Consider appending TLS certs to the system store in runner helper

Background

Recently GitLab.com rotated its SSL certs to use one signed by DigiCert to one signed by LetsEncrypt. However, as described in gitlab-com/gl-infra/production#17265 (closed), this caused a number of issues. Many users had to restart the runners for the new certs because:

  1. GitLab Runner establishes a TLS keep-alive connection with GitLab.com via Cloudflare. Before the cert change, this was using the DigiCert root.
  2. When no jobs are available, Workhorse holds the request in a long poll.
  3. When the long poll timeout finishes (50 s, set by apiCiLongPollingDuration), the Runner retries with another request, reusing the TLS connection.
  4. This repeats until a job is available for the runner.
  5. When a job becomes available, the Runner extracts the TLS certs from this keep-alive connection and builds this for CI_SERVER_TLS_CA_FILE. Unfortunately, since this connection was established at step 1, the certs are old.
  6. The Runner helper attempts to run git clone with the certs from step 5, but these don't match the new LetsEncrypt cert.
  7. The job fails, and the Runner goes back to step 2 with the existing TLS connection.

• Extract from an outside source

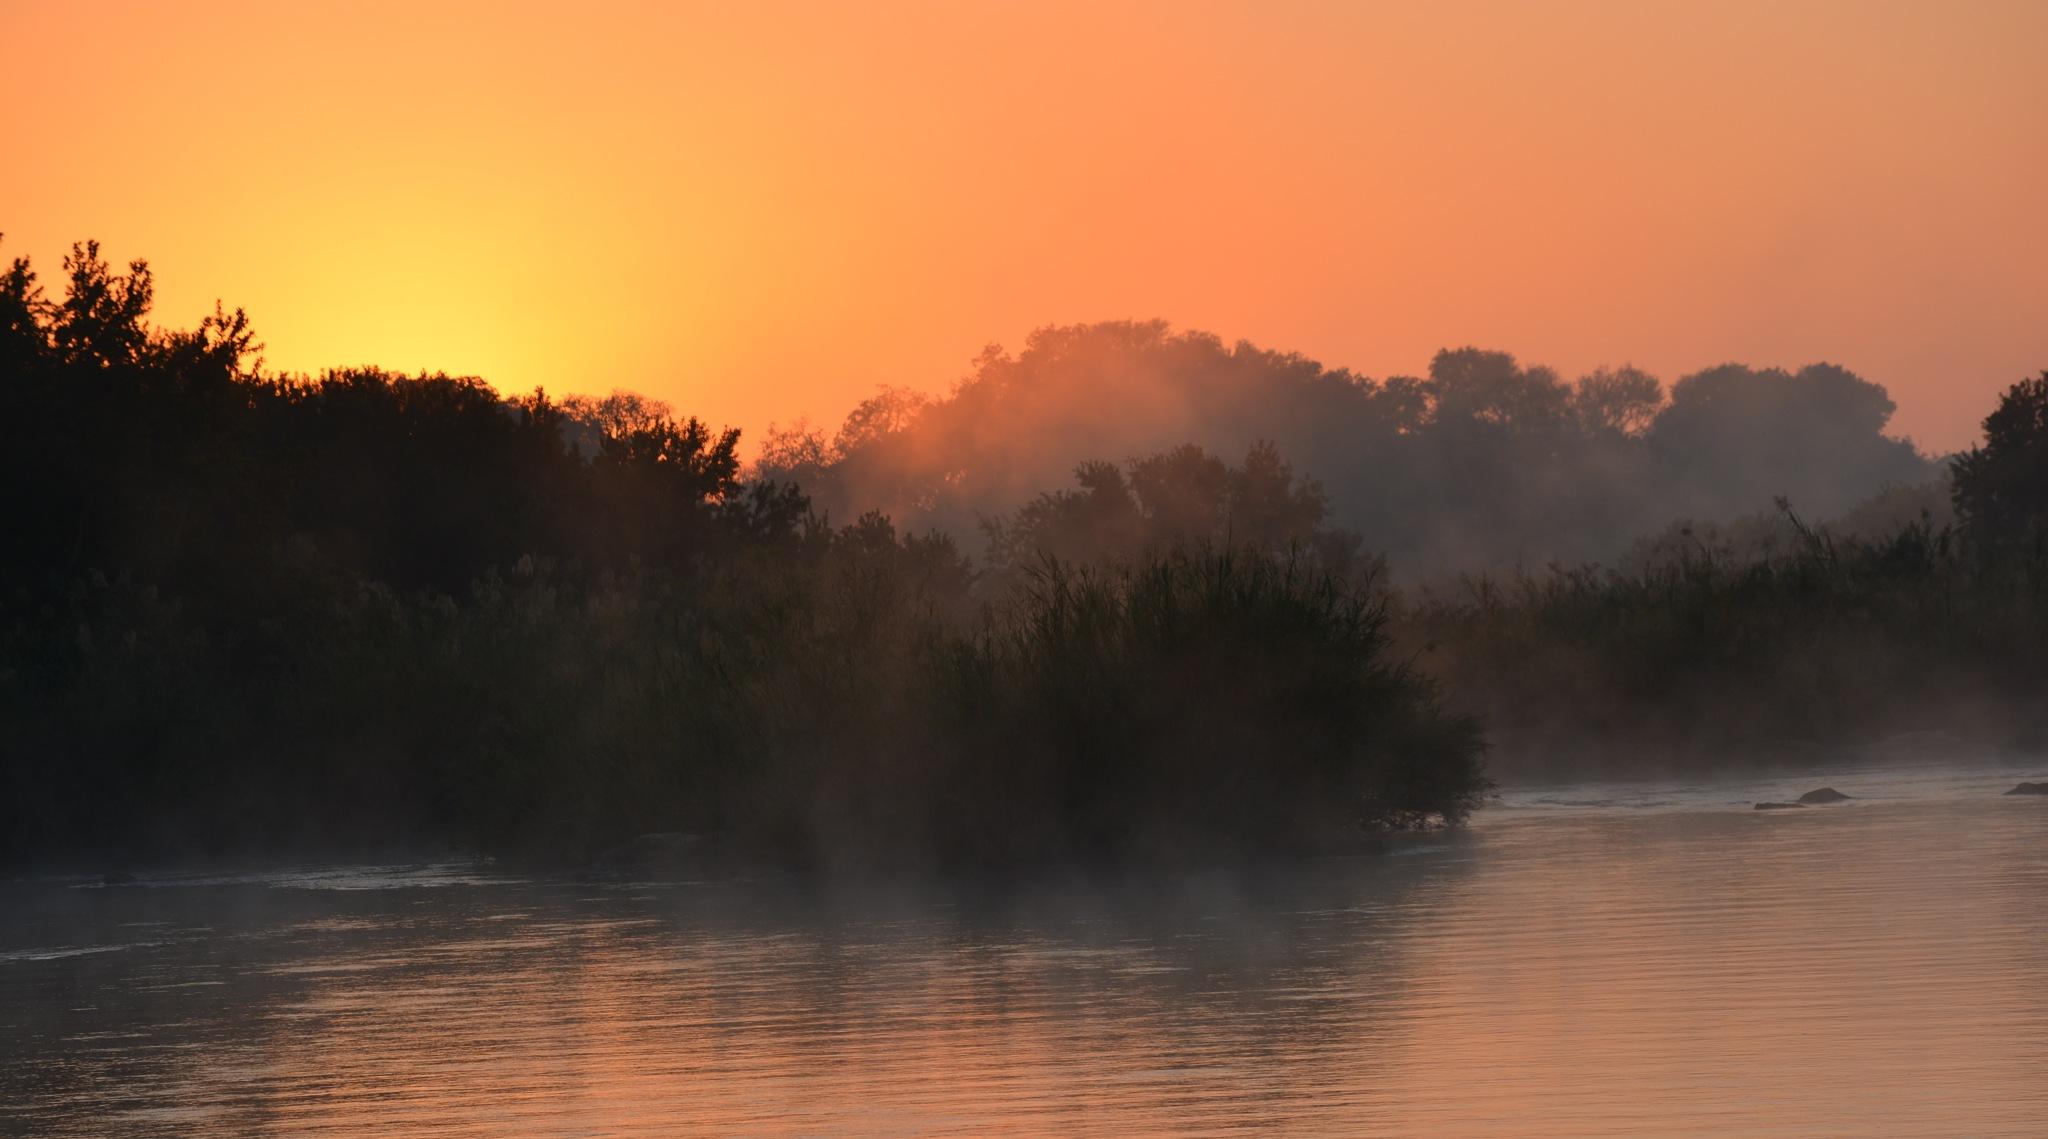 Africa Sunrise by godfreyanker

When a Runner connects to GitLab.com, the TLS connection is between Cloudflare and the Runner. Any changes in the certs don't shut down existing TLS connections.

Restarting the Runner helps because it restarts that TLS keep-alive connection, which will receive the new cert.

Proposal

In https://gitlab.com/gitlab-org/gitlab-runner/-/blob/af15566e2d9161f774f96d8a4c98d039627cb86e/shells/abstract.go#L337-348, the Runner helper always sets git config with the TLS certs derived from the connection.

This is needed when self-signed certs are used. However, in the majority of cases (especially with public sites like GitLab.com), the Runner helper already has the certificates needed to validate the host. We could consider avoiding these special SSL settings entirely.

If we do need to add self-signed certs or other untrusted certs not present in the system store, perhaps we should consider appending the certs to the trusted system certs. This would make TLS verification less brittle. For example, with Alpine:

  1. Copy the certs to /usr/local/share/ca-certificates.
  2. Run update-ca-certificates.

Alternatively, the Runner could append the self-signed certs to /etc/ssl/certs/ca-certificates.crt (in the same filename or a new one) and configure http.sslCert appropriately.